Learning to be at ease first in this aloneness and getting to know themselves, gives them an anchor around which to weather the storm of daily life. They can be more authentically themselves with friends and family, at home and school and they can find the resilience to the vortex of competitiveness and comparison online that risks making them feel “not quite good enough.” They’re learning healthy ways to be alone in the surprising simplicity of nature. In this aloneness, they find the bravery and self-reflection to better understand themselves: 

“Being alone made it better because I felt a sense of freedom and I was able to be myself.”  
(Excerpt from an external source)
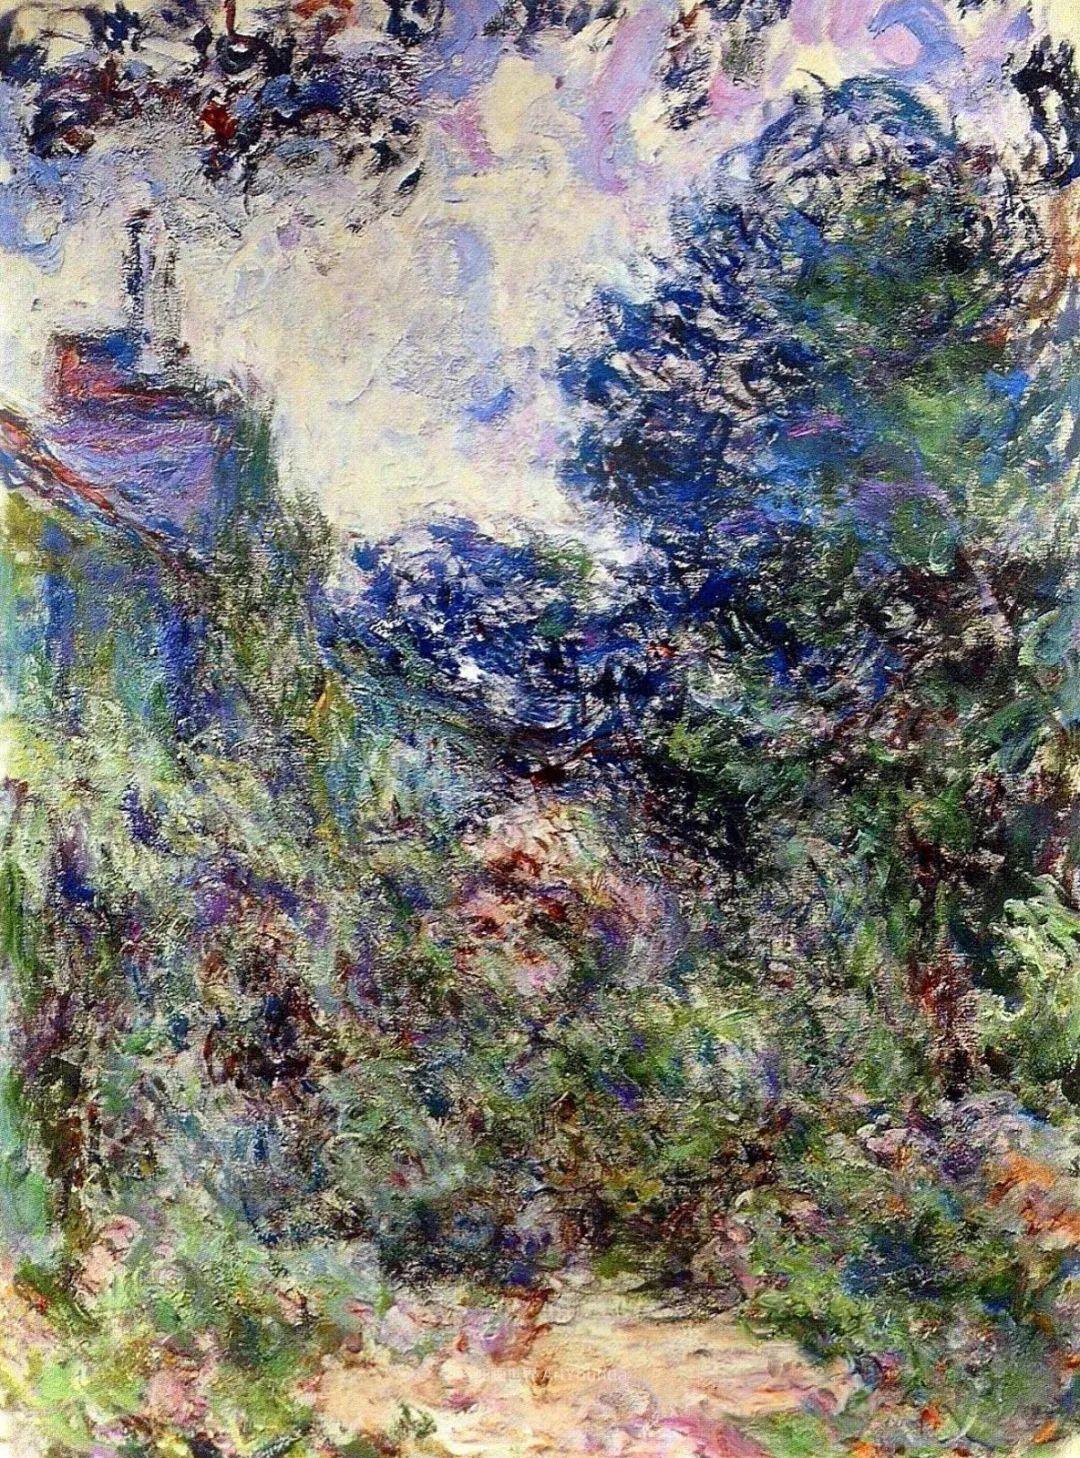 阳光四溢的色彩大师   以莫奈的花园祝你牛年欣欣向荣插图119

At the heart of these insights, Gen Z has exposed a groundedness in trying to understand the simplest yet most profound elements of life and our place in it. Those we’ve talked to follow their intuition to navigate the world with greater intention and find freedom in being alone. It helps them identify what they want and need, who they are and how they can be shaped by the quiet, self-reflection and the search for their truest selves. Following these individuals, we can tap into our own intuition, finding the staggering beauty in being alone without being lonely and appreciating the quiet power of cutting through the noise.